Task requirements
Begin your copy at the line that holds "Flowing electrolyte fuel" and carry it through the final line of the data, writing out each line exactly and omitting pictures.

Source information
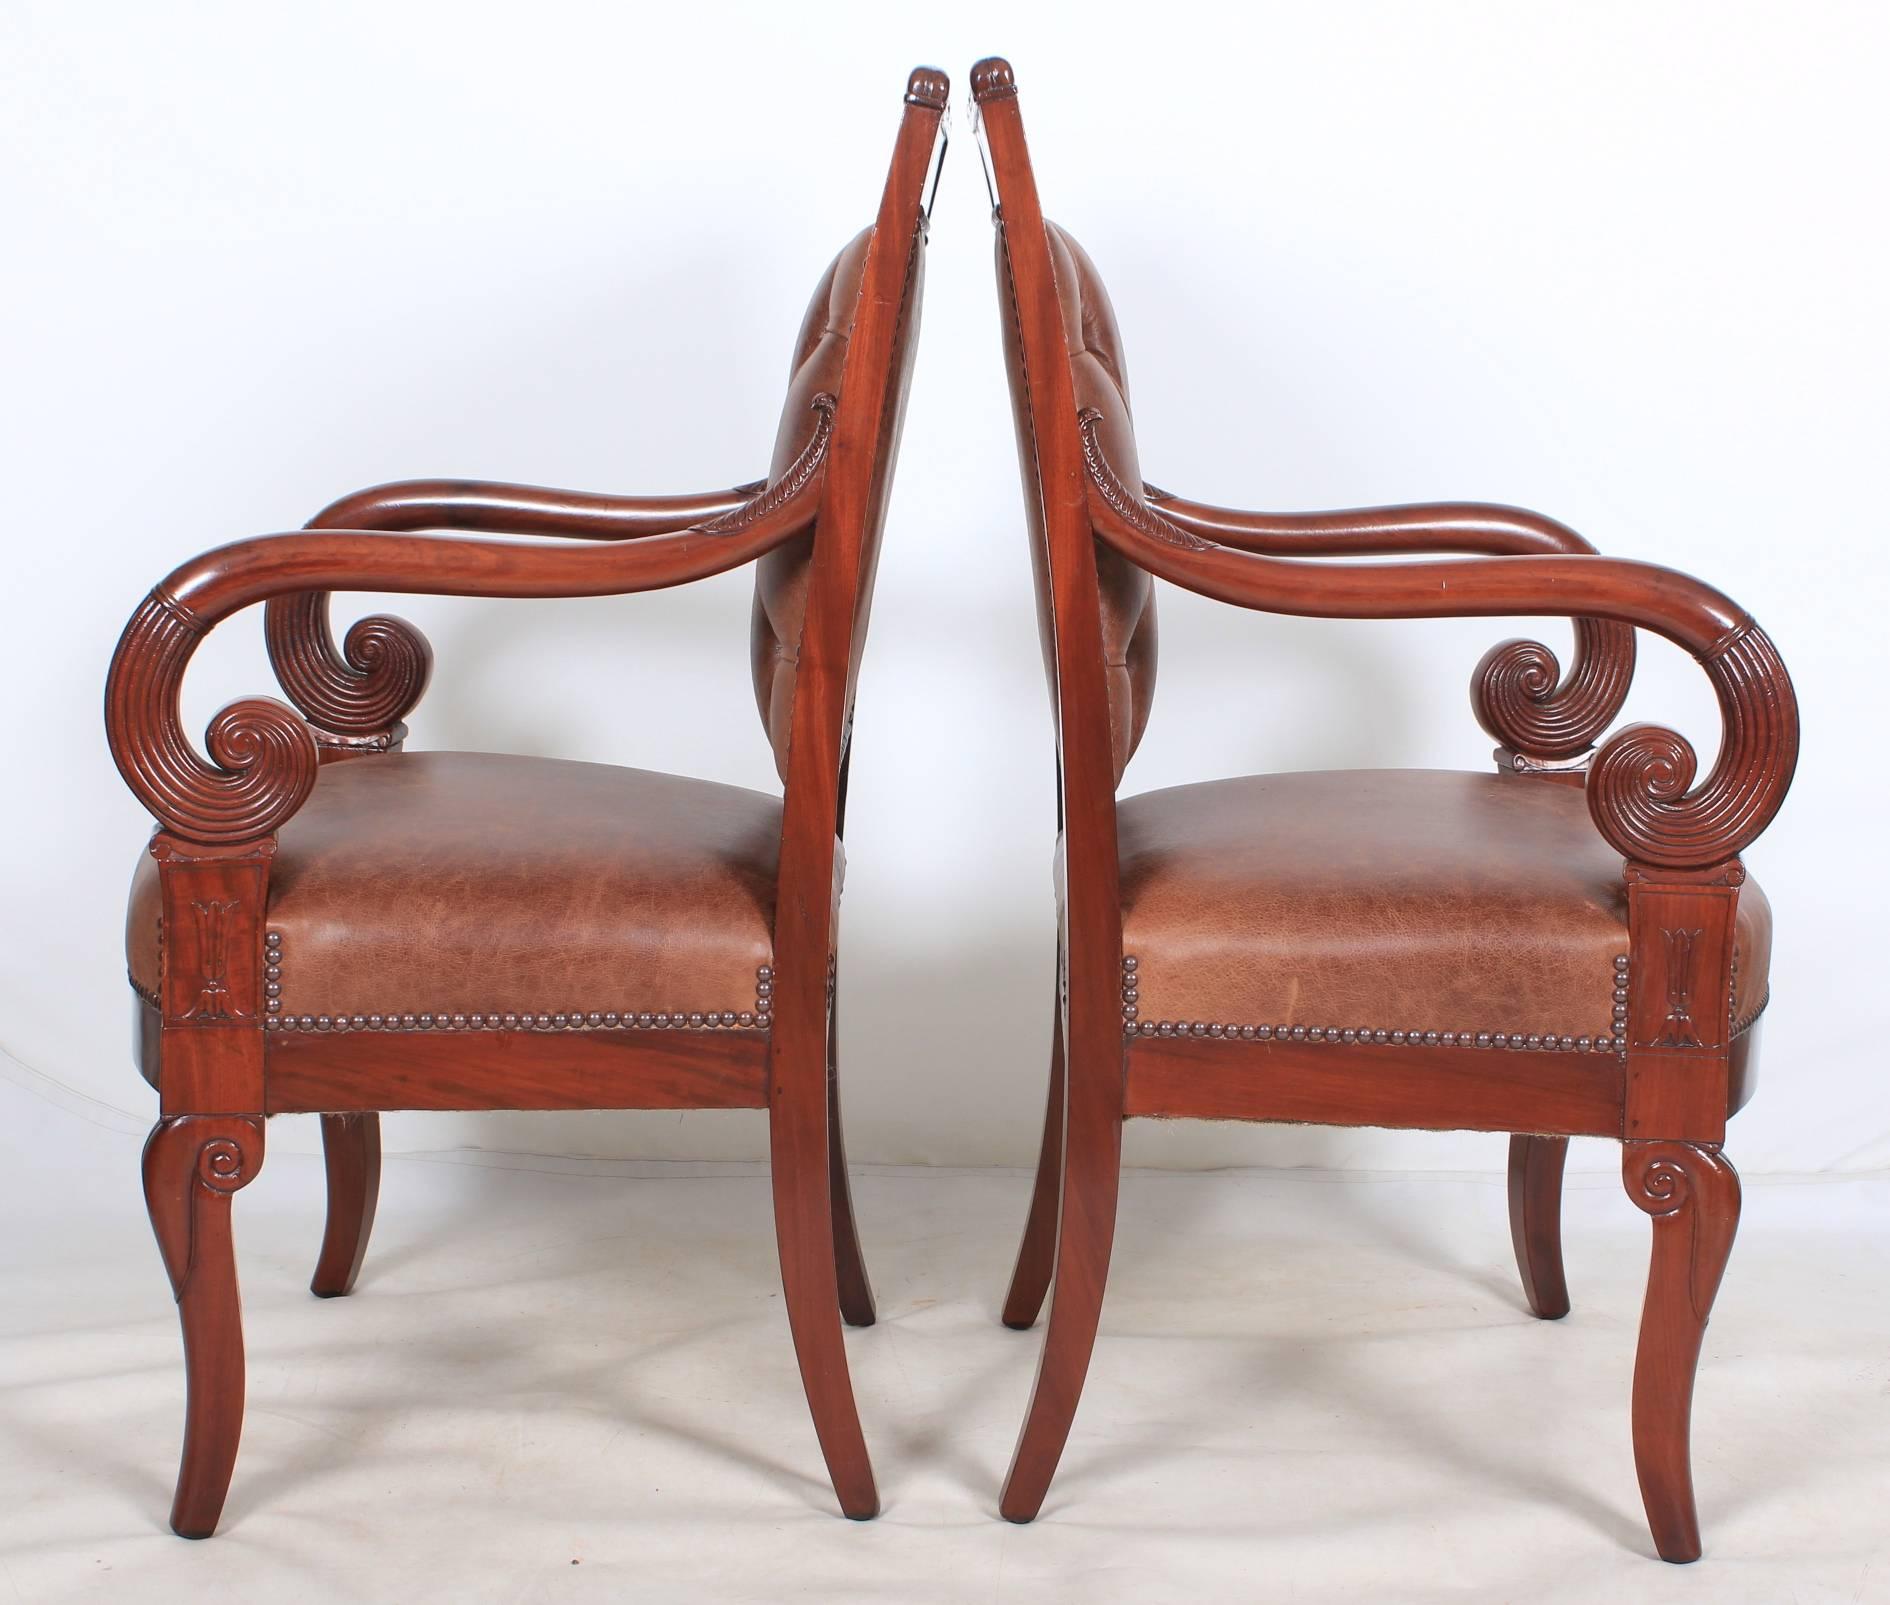 French, circa 1850.
A fantastic pair of Empire style library chairs in showroom condition.
Newly upholstered in a top quality chocolate brown leather with studded edging.
Beautiful scroll arms with reeded hand rests.
On sabre legs with
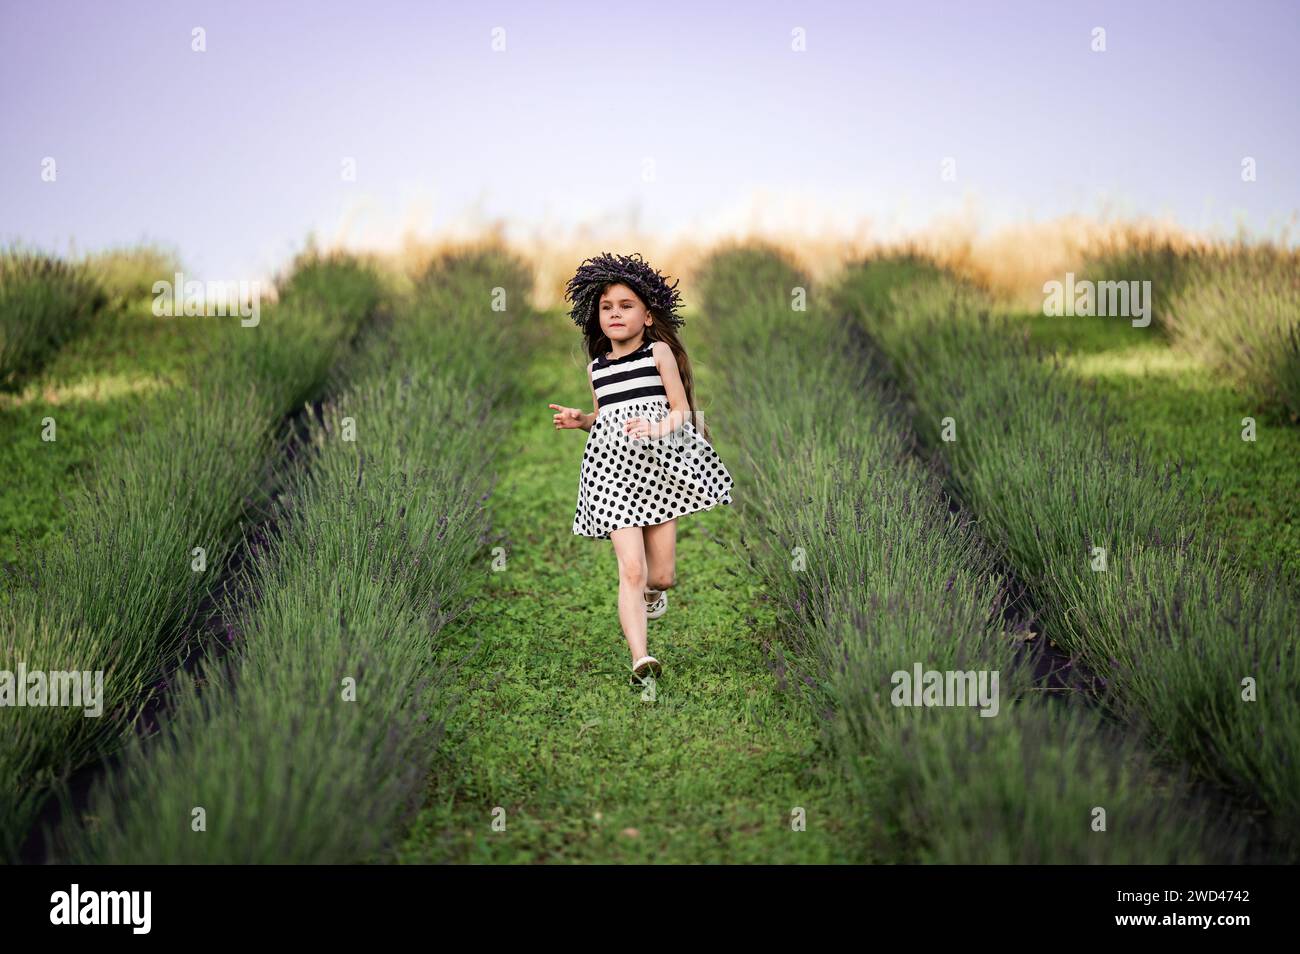 A little girl runs between lavender rows in a dress, a girl in a lavender wreath. Stock Photo
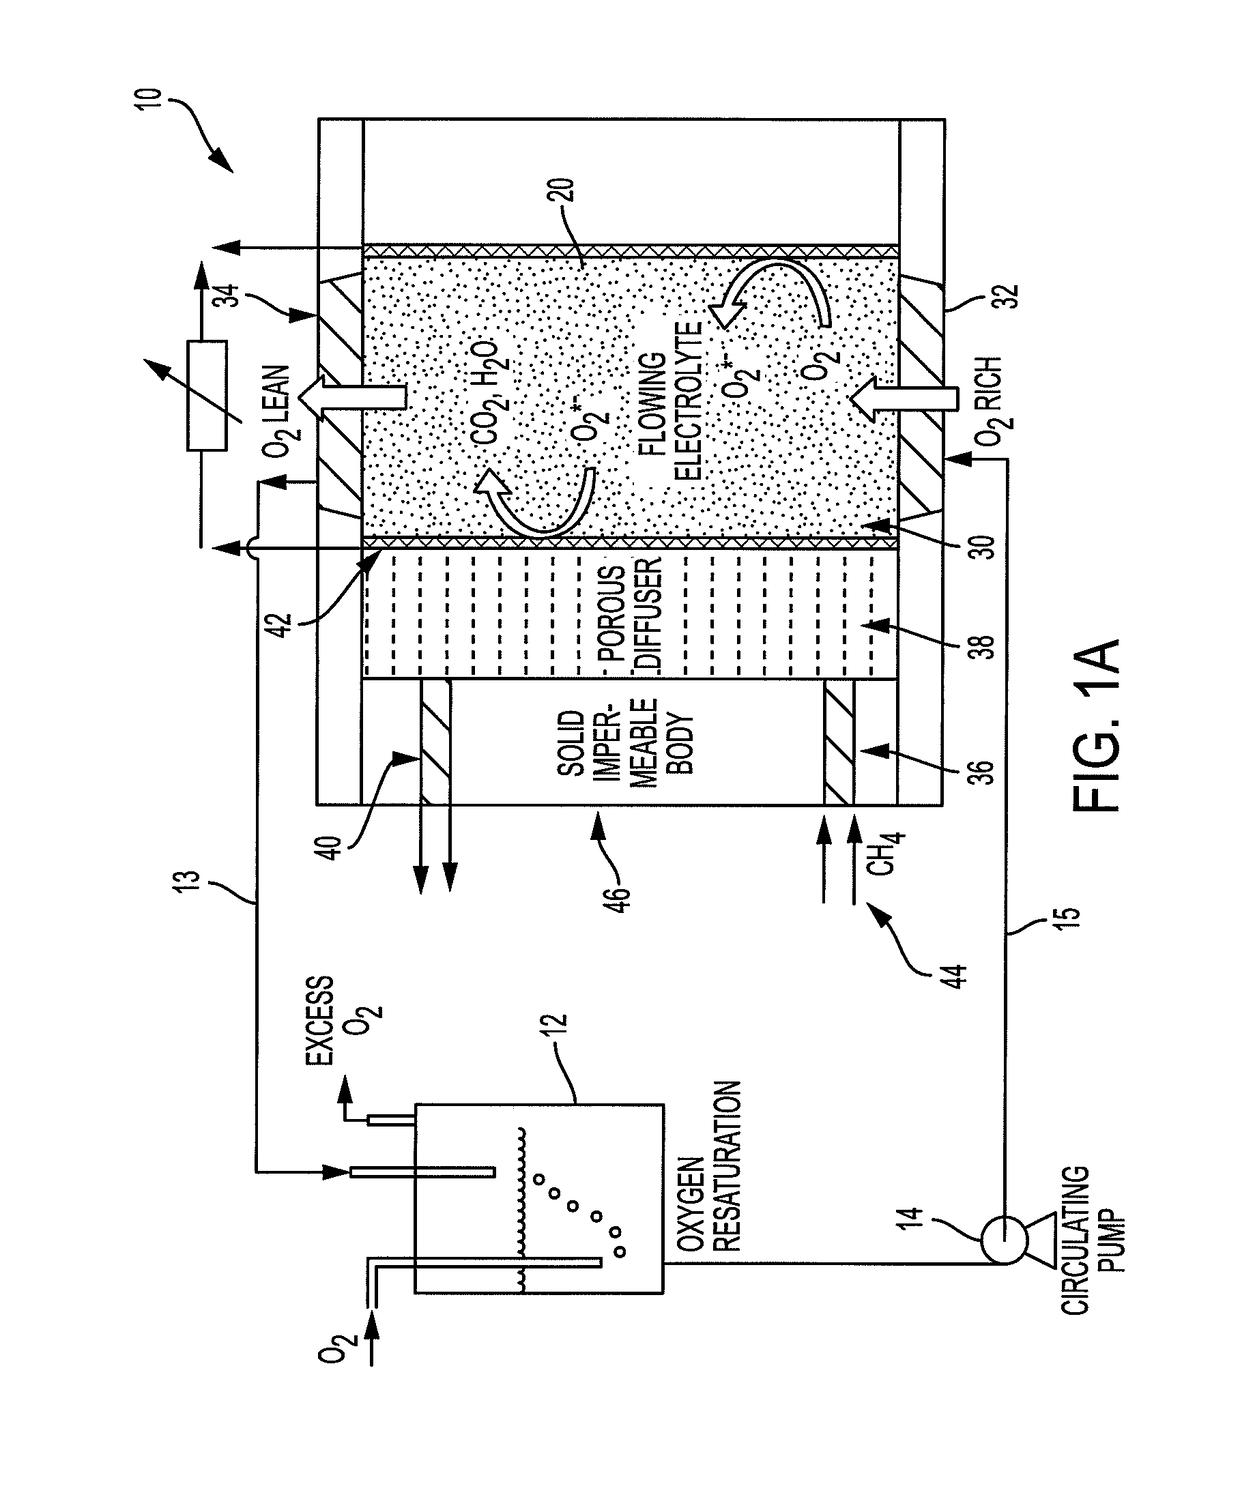 Flowing electrolyte fuel cell with improved performance and stability
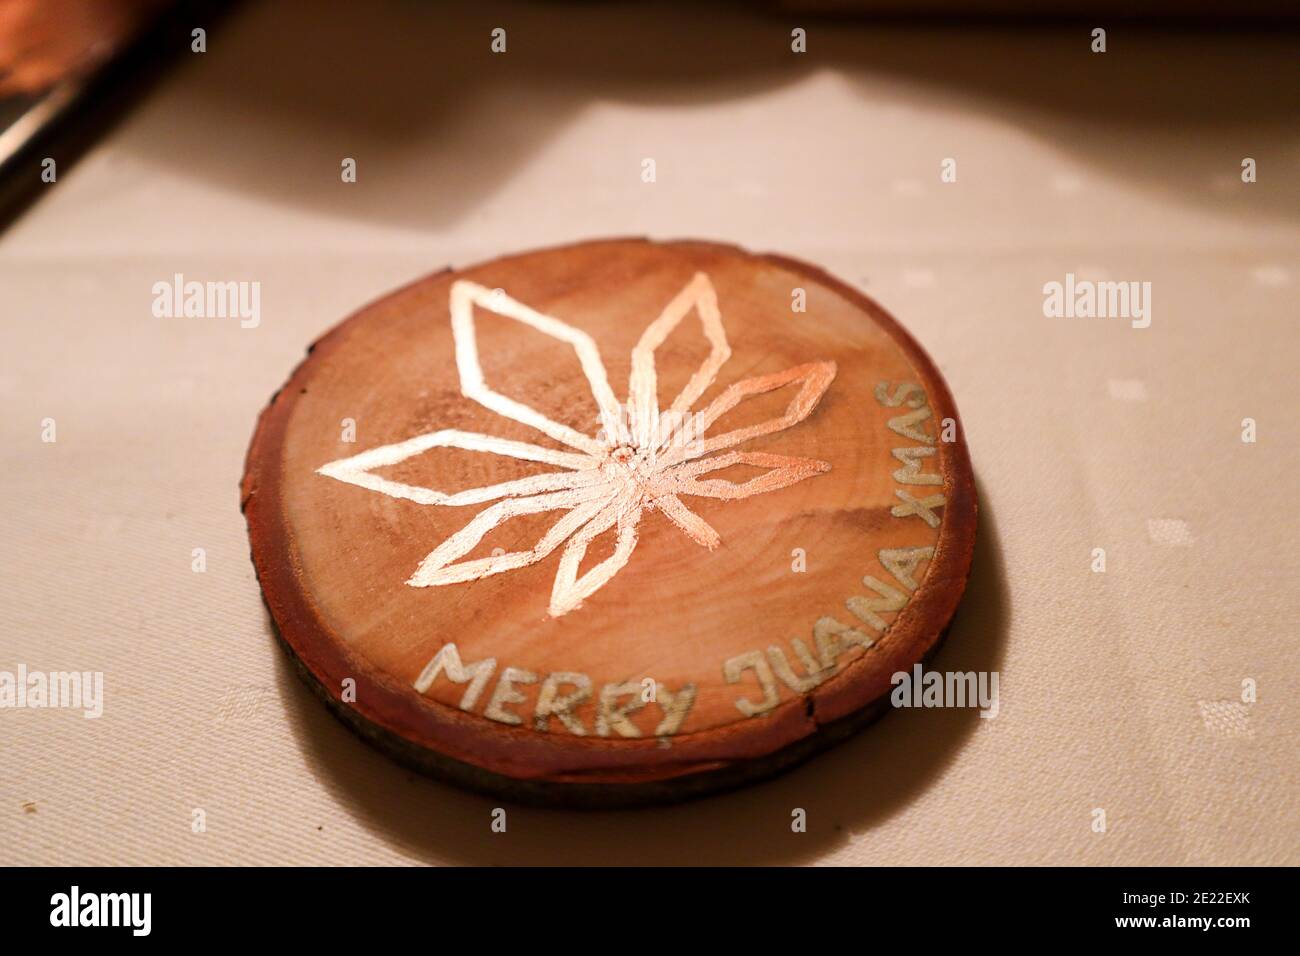 Selfmade wooden coaster on a table with a marijuana leaf in bright colors. The text MERRY JUANA XMAS decorates the coaster. Stock Photo

Response
 Flowing electrolyte fuel cell with improved performance and stability
 Selfmade wooden coaster on a table with a marijuana leaf in bright colors. The text MERRY JUANA XMAS decorates the coaster. Stock Photo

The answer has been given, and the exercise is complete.